Adaptés pour la première fois en 1976 par Brian De Palma avec Carrie, les écrits de Stephen King n'ont cessé ensuite, dans les années 80 et jusqu'à aujourd'hui, d'être une manne quasi inépuisable pour le cinéma et la télévision. Dead Zone, Creepshow, Cujo, Christine, Simetierre... Au-delà de tous ces titres restés au panthéon de l'Horreur et même parfois du cinéma avec un grand C, d'autres plus discrets arrivèrent pourtant à se faire une petite place et continuer, malgré leurs flagrants défauts, à profiter de l'aura quasi divine de l'écrivain du Maine. C'est l'une d'entre elles que nous propose aujourd'hui ESC, décidément sur tous les fronts, dans une très belle copie restaurée.
Firestarter (titre du roman et du film en vo) sort en librairie en 1980. Entre Dead Zone et Cujo. A une époque où « le King » taquine une muse qui semble ne plus vouloir le quitter et enfile les bests sellers comme des perles. Un succès quasi mystique qui se retrouve dans ses œuvres, hantées par ses névroses et ses excès d'alcool et de drogue. Où, un peu à la manière d'un Philip K. Dick, la paranoïa le gagne. Une paranoïa à la base de l'histoire de Charlie, où une organisation (The Shop - Le Laboratoire en vf), qu'on devine proche du gouvernement américain, met en place un programme où des substances aux effets encore inconnus sont testées sur des citoyens. Parmi eux, Andrew McGee (David Keith, sacrément bankable à l'époque après Brubaker, Officier & Gentleman et La Loi des Seigneurs), qui va faire la connaissance de sa future femme durant l'expérience (la très télévisuelle Heather Locklear). Une expérience particulièrement violente où certains cobayes sont pris d'hallucinations quand d'autres se mettent à hurler et saigner des yeux. Andrew, lui, ne tarde pas à développer des pouvoirs de persuasion et devient le père d'une petite Charlène (Drew Barrymore, incontournable depuis son rôle dans E.T.) qui va elle développer un pouvoir pyrokinésique que son jeune âge va rendre extrêmement dangereux. Jusqu'à blesser sa propre mère lors d'une scène de vie quotidienne faisant prendre conscience à ses propres parents de la dangerosité de leur petite fille. Après avoir retrouvé sa femme assassinée, Andrew s'enfuit alors avec Charlie, sachant pertinemment que The Shop ne les lâchera jamais.

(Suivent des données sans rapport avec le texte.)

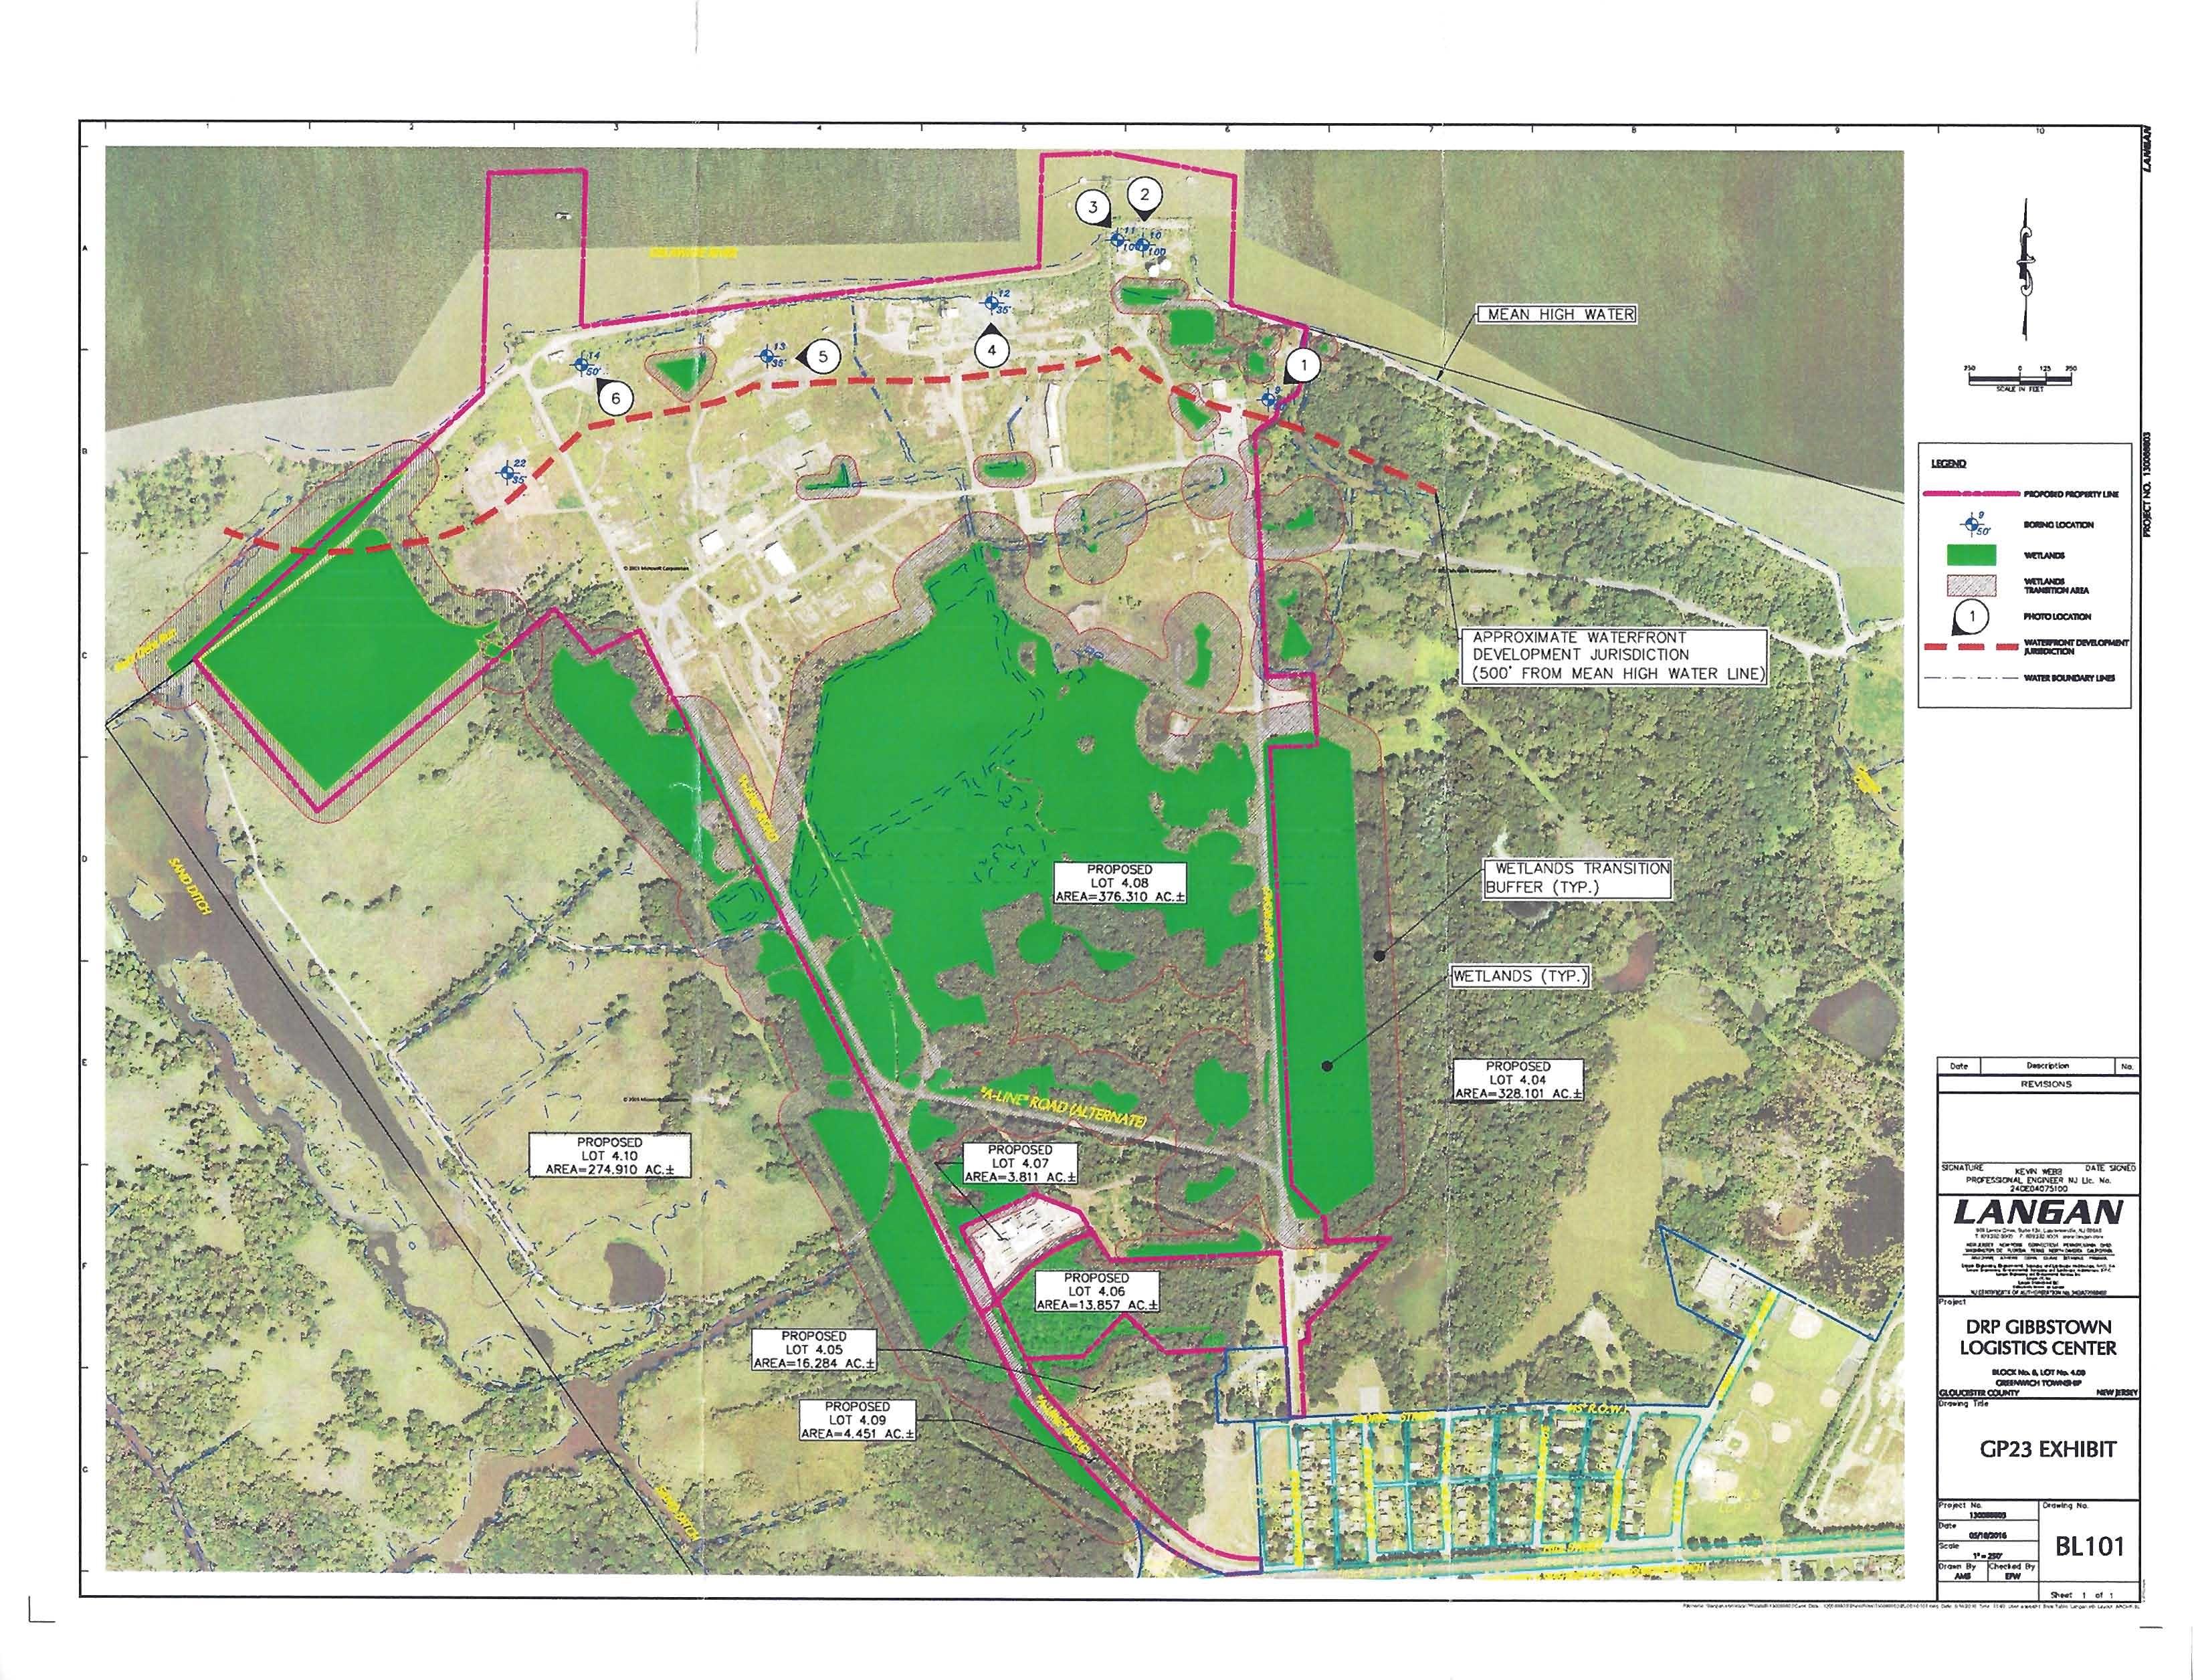 Current Phase Property Boundary

Impossible de ne pas placer Charlie au carrefour des créations de King et même des multiples adaptations déjà sorties à l'époque. La présence de Martin Sheen en leader presque politique renvoyant directement à son personnage d'ignoble salopard dans le Dead Zone de Cronenberg ; l'enfant aux facultés paranormales faisant d'emblée penser à Shining et la scène finale, où Charlie déchaîne enfin son pouvoir (et qui mérite à elle seule qu'on découvre le film), rappelant évidemment le final violent et sanglant de Carrie (et Furie) de Brian De Palma. Peut être est ce la raison pour laquelle le film de Mark L. Lester semble ne jamais décoller vraiment. Pourtant, l'interprétation y est plutôt solide, dominée par une jeune Drew Barrrymore il est vrai parfois peu expressive mais qui réussit tout de même à maintenir le film en équilibre sur ses frêles épaules. La jeune actrice est d'ailleurs bien aidée par ses partenaires, dont l'impressionnant George C. Scott (éternel Patton!) en tueur à gages inquiétant et glaçant lorsqu'il annonce vouloir mettre la main sur la petite fille pour la faire souffrir. Les raisons de ce semi échec se trouvent donc ailleurs. Peut être dans la trop grande linéarité du film qui traduit son manque d'ambition narrative, ou bien dans la musique du groupe mythique Tangerine Dream, responsable pour beaucoup dans l'aura sans pareil de films comme les cultissimes Legend de Ridley Scott (version US) ou La Forteresse Noire de Michael Mann mais dont les compositions électroniques peuvent parfois désarçonner le spectateur et créer une distance et un décalage trop grands avec l'image et le propos du film.
Malgré de réelles qualités artistiques, Charlie ne convainc donc jamais totalement. Le condamnant définitivement à n'être qu'une sorte d'ersatz mal dégrossi des vrais chefs d'oeuvre du fantastique créés par leur auteur sur le papier et à qui les meilleurs réalisateurs surent donner vie. Mais consolons nous, car Mark L. Lester, cinéaste un peu oublié, a dans sa filmographie, en plus du Commando avec Schwarzy, le viscéral Class 1984 que ceux qui l'ont découvert (et jamais oublié!) à l'époque rêvent de voir un jour sortir dans un bel écrin bleu. Connaissant ESC, on est en droit de l'espérer.